Python Forum

Full Version: Encoding Problem?
You're currently viewing a stripped down version of our content. View the full version with proper formatting.
Hi all,

i have an issue crawling results from google. The first results are extracted correctly, but the 8th result throws an exception.
This is my Spider:

class GoogleSpider(scrapy.Spider): 
    name = "GoogleSpider" 
    start_urls = [""]
    def parse(self, response):
        xlink = LinkExtractor()
        divs = response.xpath('//div')
        for span in divs.xpath('text()'):
            if len(str(span.get()))>100:
                for link in xlink.extract_links(response):
                    if len(str(link))>200 or 'Journal' in link.text:
                        for i in range(len(link_text)-len(text_list)):
                            text_list.append(" ")
the link that causes the error has link.text = "_ElementUnicodeResult: Pankaj Kumar (@JournalDev) | টুইটার - › journaldev"

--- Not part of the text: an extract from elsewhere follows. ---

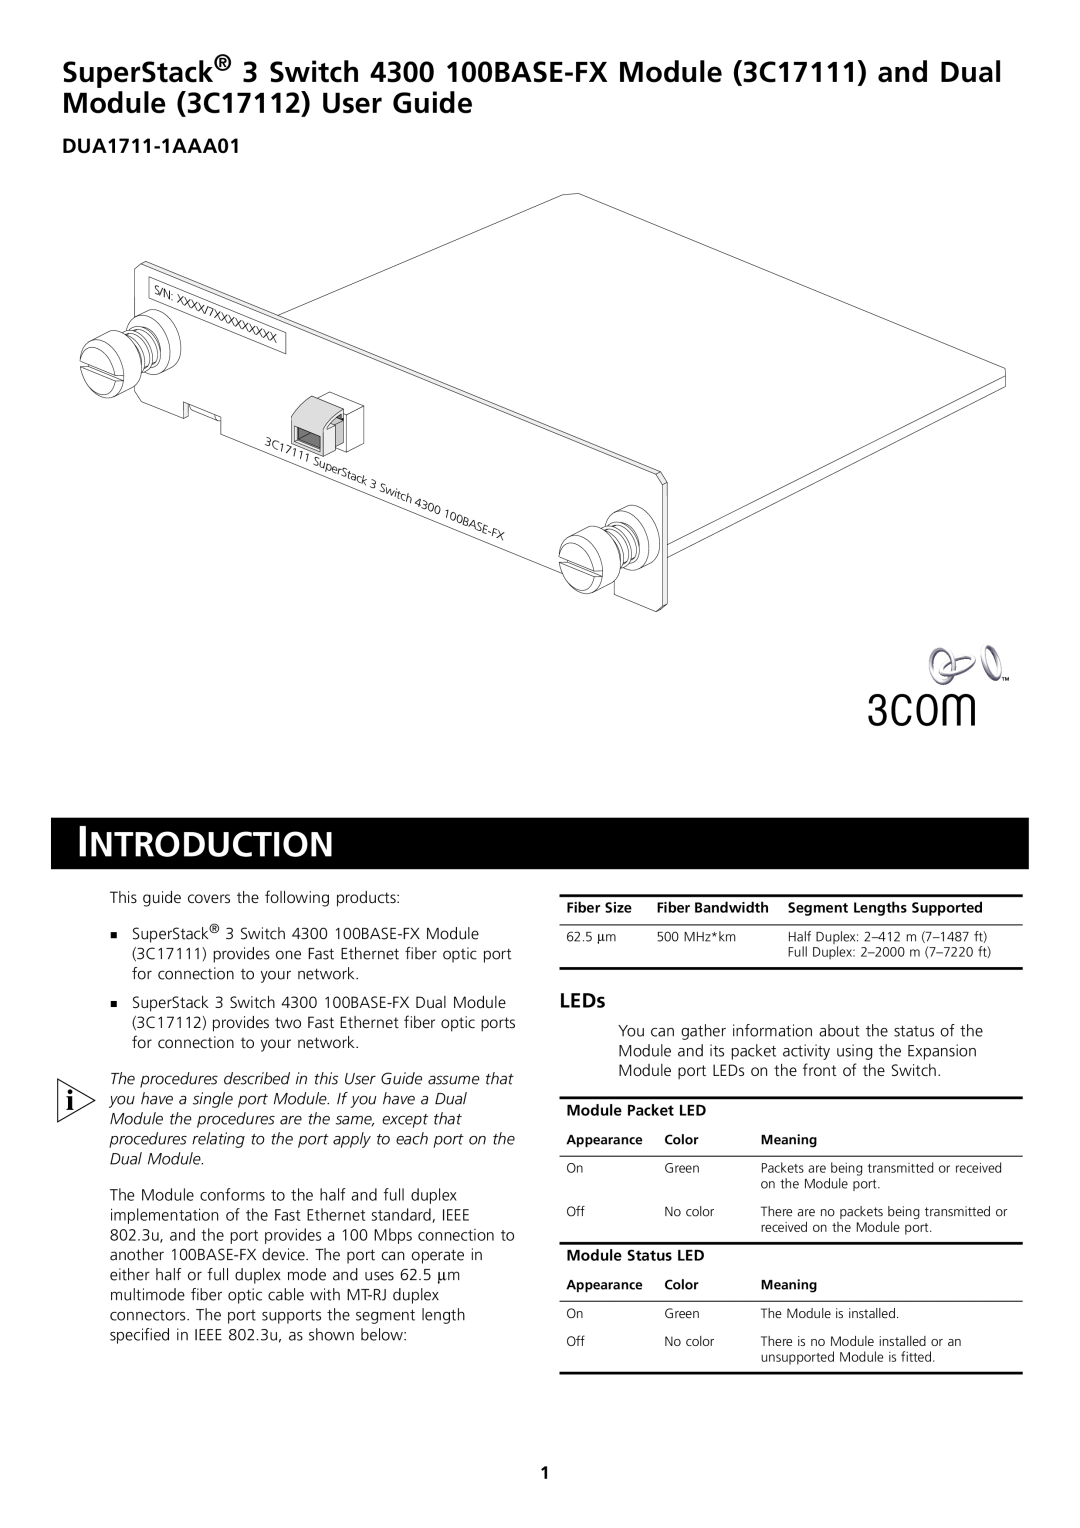 3Com DUA1711-1AAA01 manual Introduction, LEDs

The error says: UnicodeEncodeError: 'charmap' codec can't encode characters in position 29-34: character maps to <undefined>

anyone who can help me with that?

If i run your spider i don't get any error,Python 3.9, Scrapy 2.4.1.
Your response object get wrong encoding charmap,that happens for me to but don't get error.
Best is of course if response is utf-8,If i start Scrapy shell,
scrapy shell -L INFO

>>> response.encoding
Testing your site.
scrapy shell -L INFO
>>> response.encoding
So site probably don't have charmap or cp1252 as encoding,
Scrapy can find encoding so take one from OS.

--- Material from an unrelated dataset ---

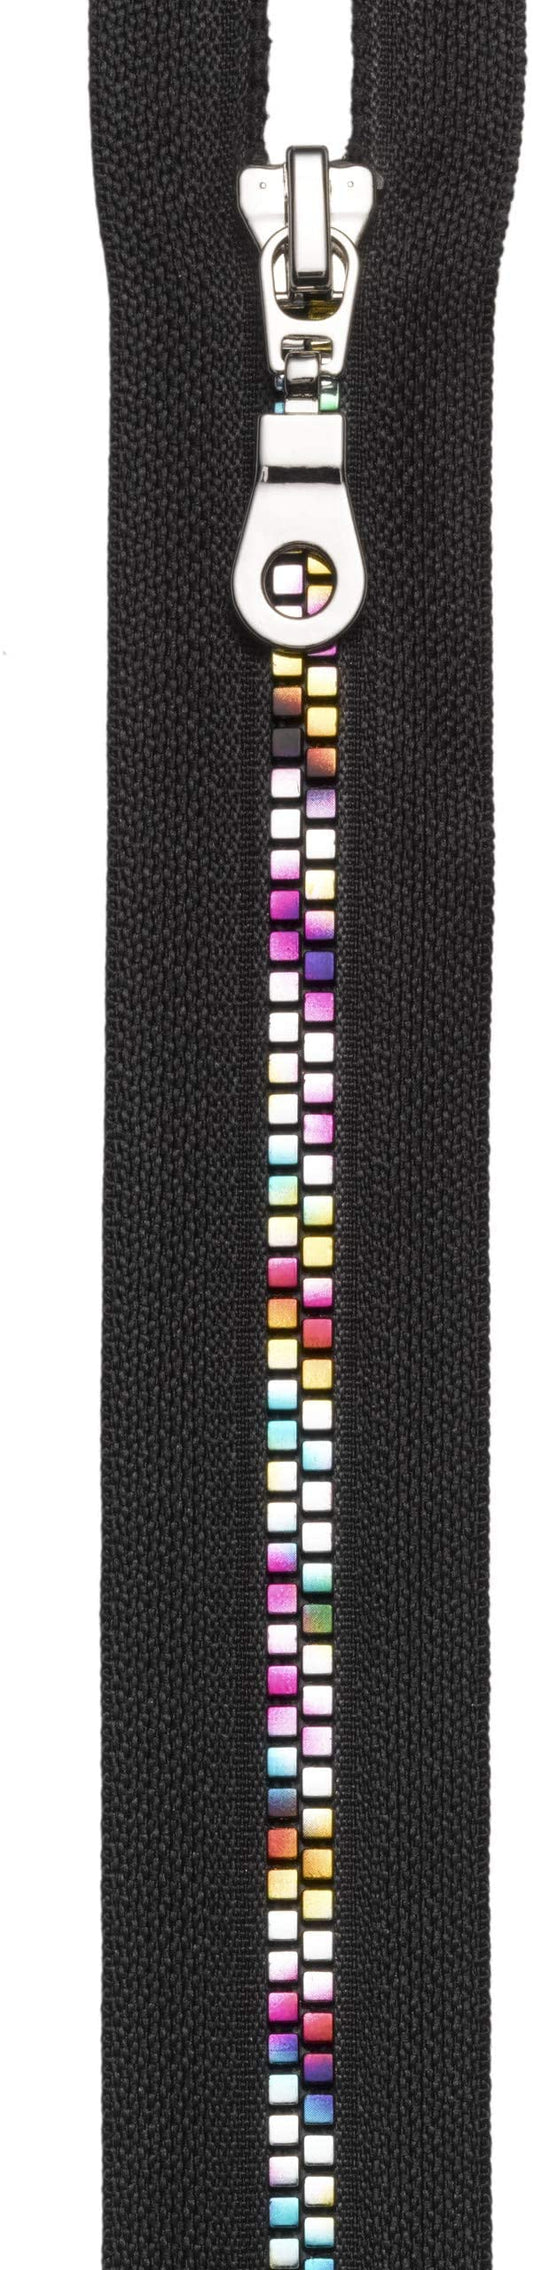 Prym Separating Zipper - 55cm Black/Rainbow

Still work for me if i test with a links with Unicode.
>>> from scrapy.linkextractors import LinkExtractor
>>> response.encoding

>>> xlink = LinkExtractor()
>>> link = xlink.extract_links(response)
>>> link[8]
Link(url='', text='Bøker', fragment='', nofollow=False)
>>> link[8].text
If you run older version Python try upgrade.
Thanks for your reply.

My Versions are Python 3.9 and Scrapy 2.4.1, too. I try to solve the problem in a total different way, hope that the problems wont appear again.